SBK warnt: Falsche Behandlung von Rückenschmerzen schadet Patienten – aber auch der deutschen Volkswirtschaft
München, 23.02.2010. Die Fakten sprechen eine klare Sprache: Rückenschmerzen sind nach Atemwegsinfektionen die zweithäufigste Ursache für Arztbesuche. Auch als Grund für Arbeitsausfälle führen sie die Top-Ten-Liste an. Gemäß einer Studie des Helmholtz Zentrums München verursachen sie in Deutschland jährlich fast 50 Milliarden Euro an Kosten. Die volkswirtschaftliche Bedeutung von Rückenschmerzen ist damit enorm. Die SBK (Siemens-Betriebskrankenkasse) setzt sich daher für ein Umdenken in der Behandlung von Rückenschmerzen ein. Davon profitieren zuallererst die Patienten, aber auch die deutsche Volkswirtschaft.
Rückenschmerzen haben eine Vielzahl von Ursachen. Neben den bekannten Verschleißerscheinungen sind es vor allem Fehlbelastungen und mangelnde Bewegung, die zur Volkskrankheit Nummer eins führen. Hinzu kommen psychosoziale Faktoren wie Karrieredruck, Stress oder Probleme mit den Mitmenschen. 80 Prozent aller Rückenschmerzen lassen sich keiner eindeutigen Ursache zuordnen. Die Diagnostik beschränkt sich jedoch in vielen Fällen auf bildgebende Verfahren, die lediglich den Knochen- und Muskelapparat unter die Lupe nehmen.

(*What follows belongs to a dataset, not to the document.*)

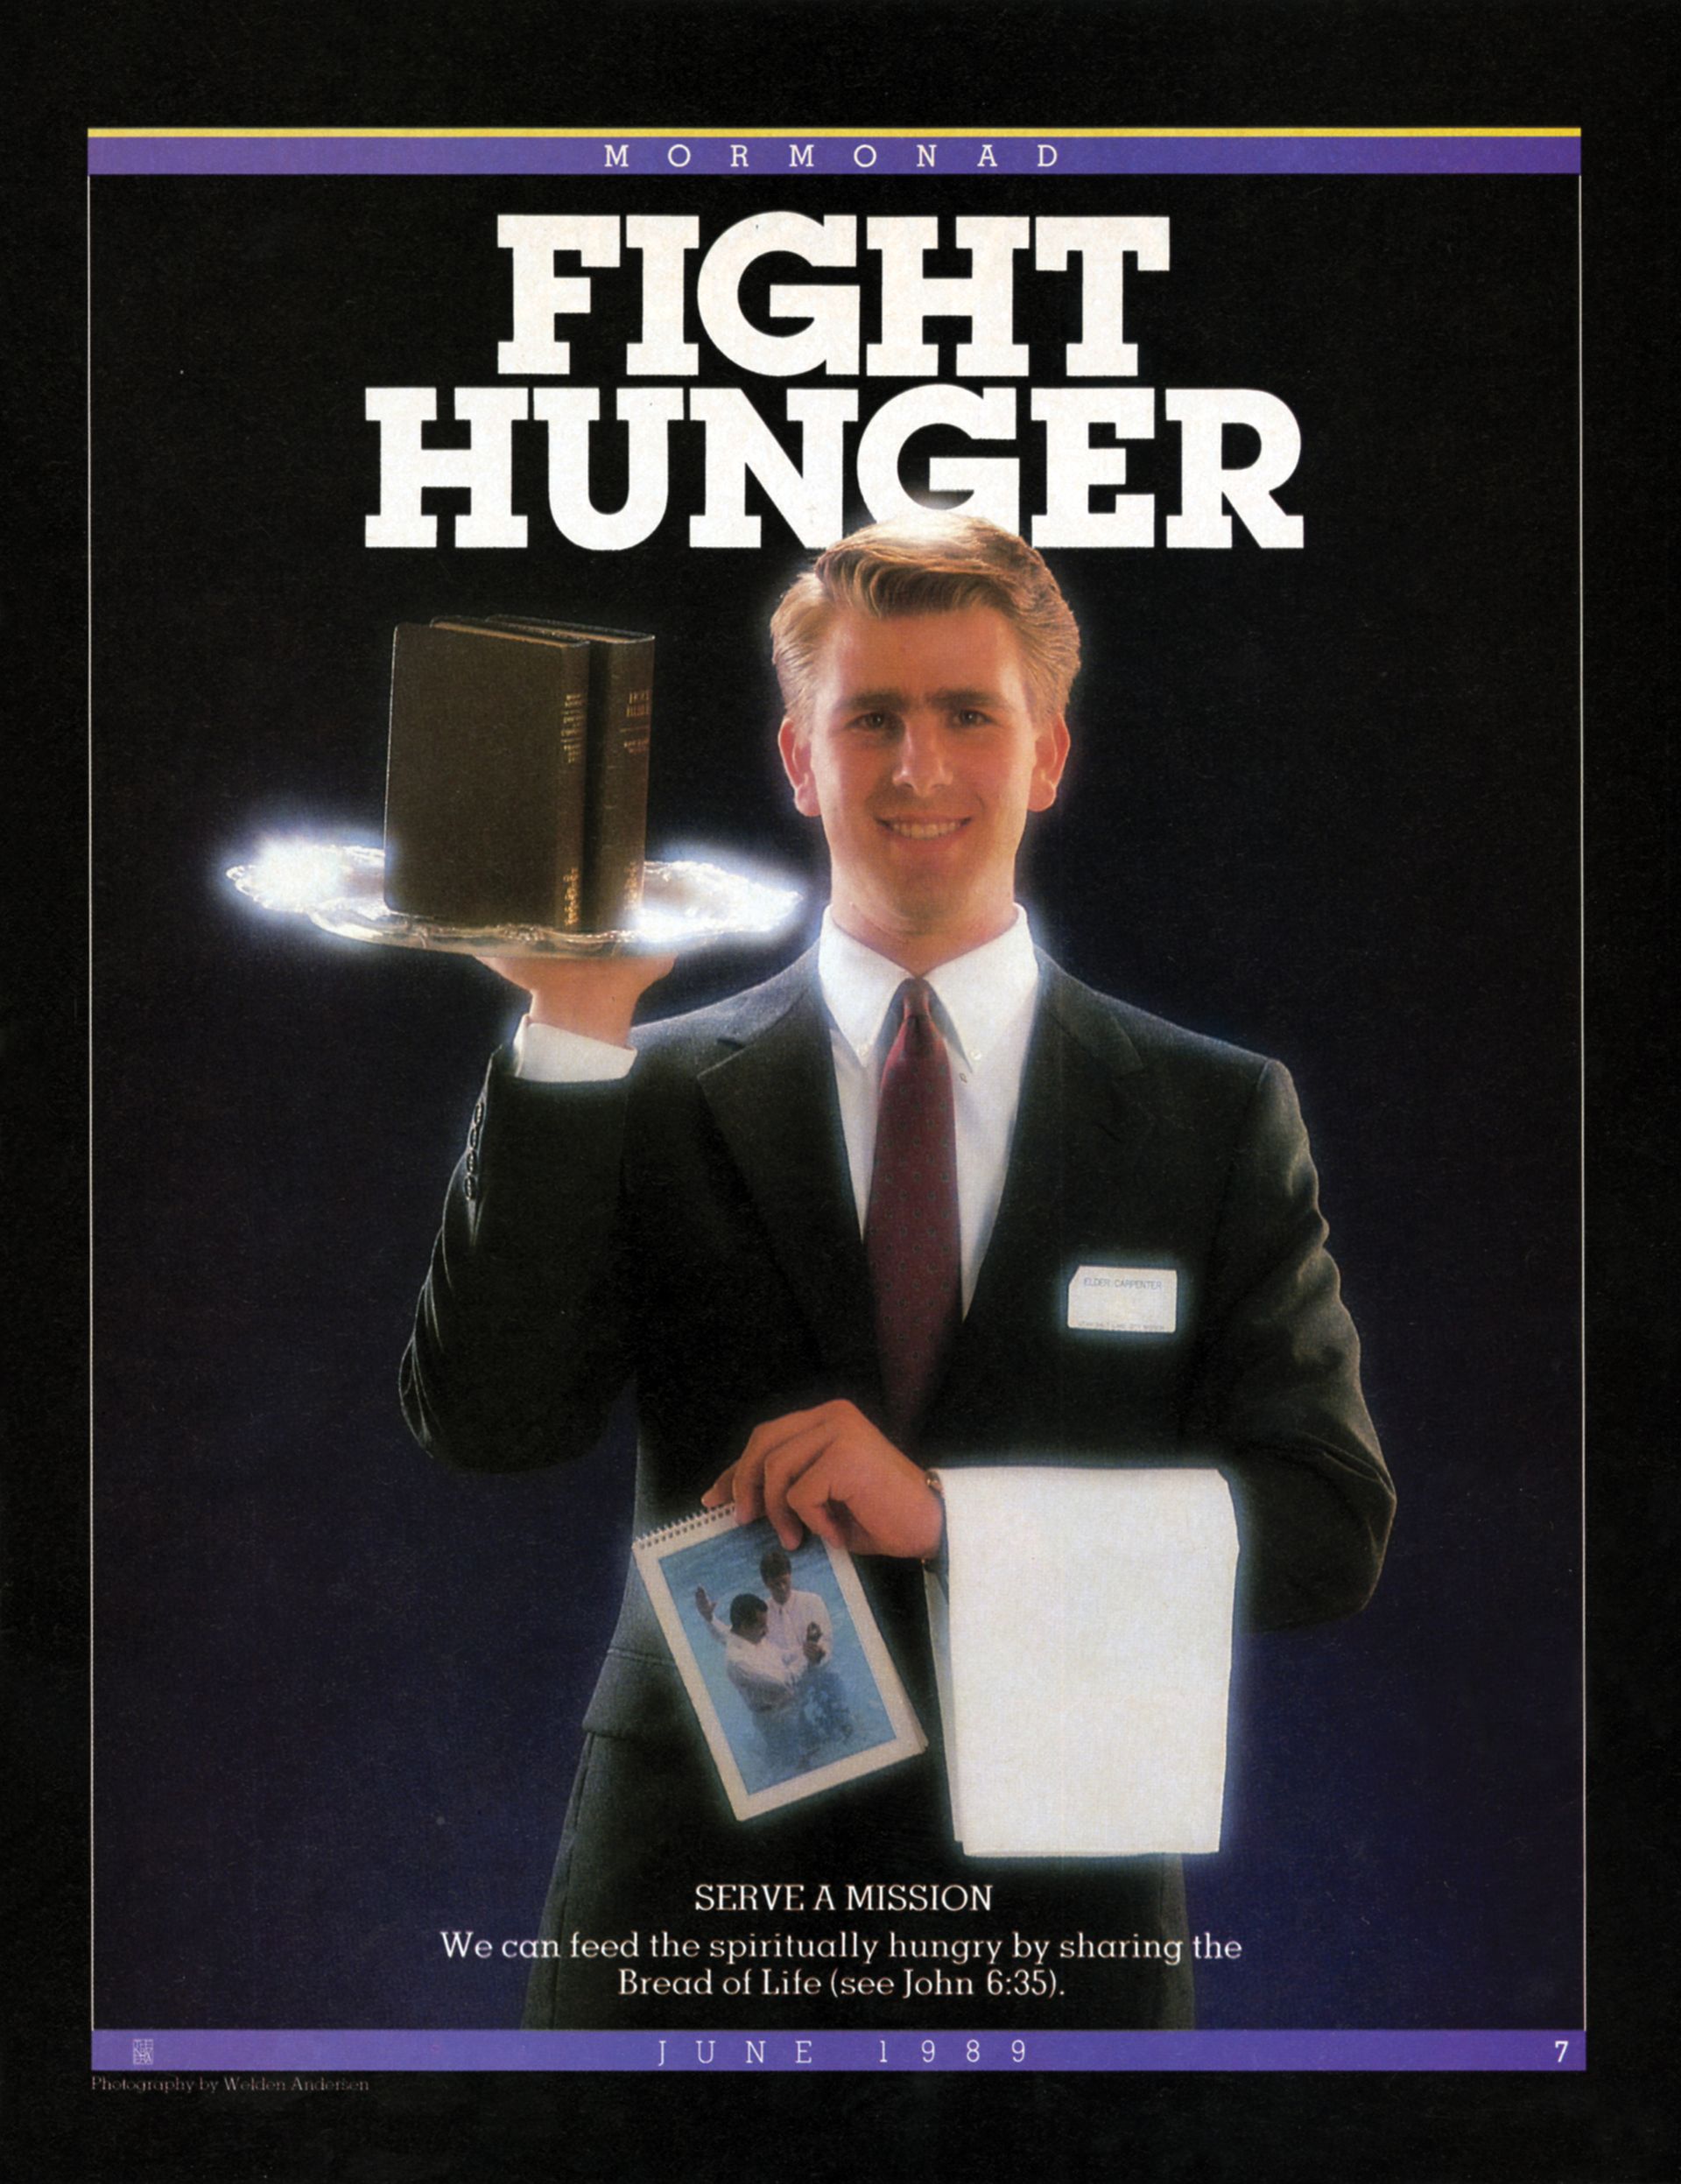 Fight Hunger. Serve a mission. We can feed the spiritually hungry by sharing the Bread of Life (see John 6:35). June 1989 © undefined ipCode 1.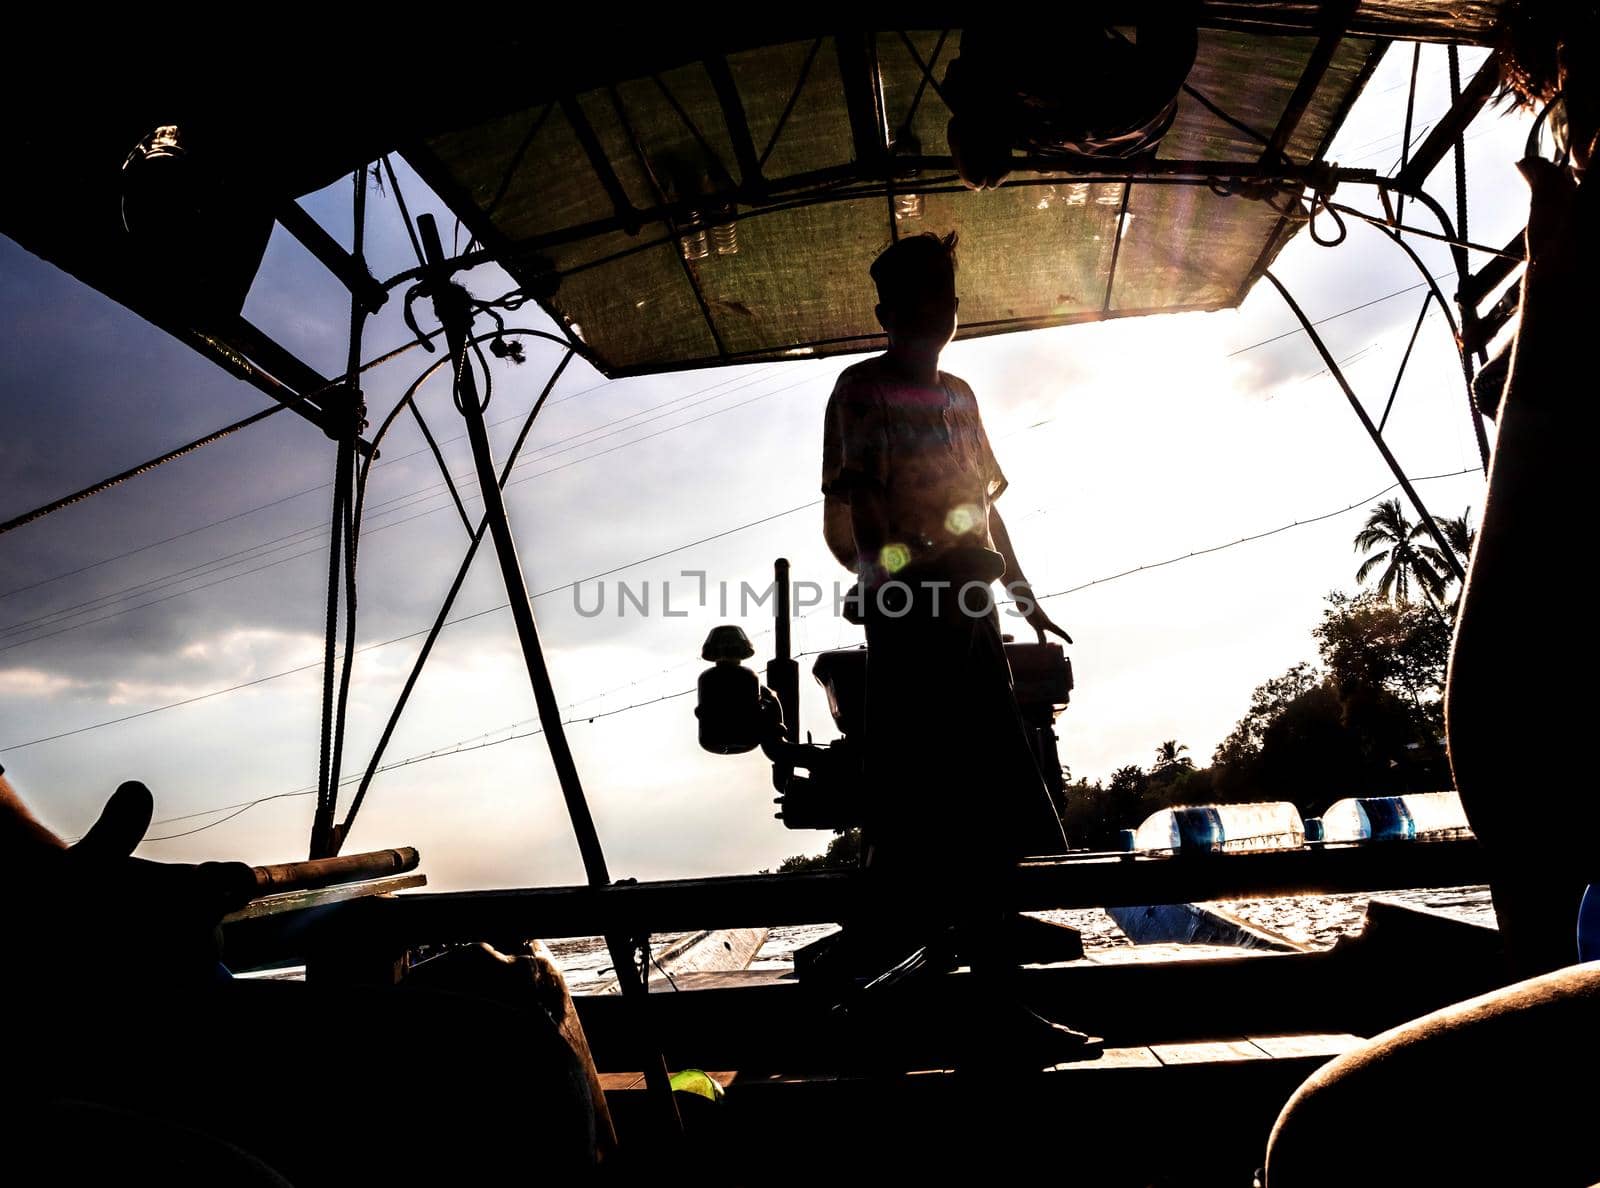 Silhouette of a passenger boat driver in the daytime backlit

Und auch in der Behandlung werden häufig falsche Akzente gesetzt: So werden beispielsweise 63 Prozent der Patienten mit Medikamenten und 48 Prozent mit Spritzen behandelt. Es wird zu schnell operiert, und wichtige Bereiche wie psychologische Schmerztherapie und präventive Ansätze kommen zu kurz.
Diese Fehlbehandlung führt dazu, dass die Schmerzen länger anhalten und öfter als eigentlich notwendig wiederkehren. Die Folge: Patienten leiden länger als nötig an ihren Schmerzen, gehen öfter zum Arzt und sind länger krankgeschrieben.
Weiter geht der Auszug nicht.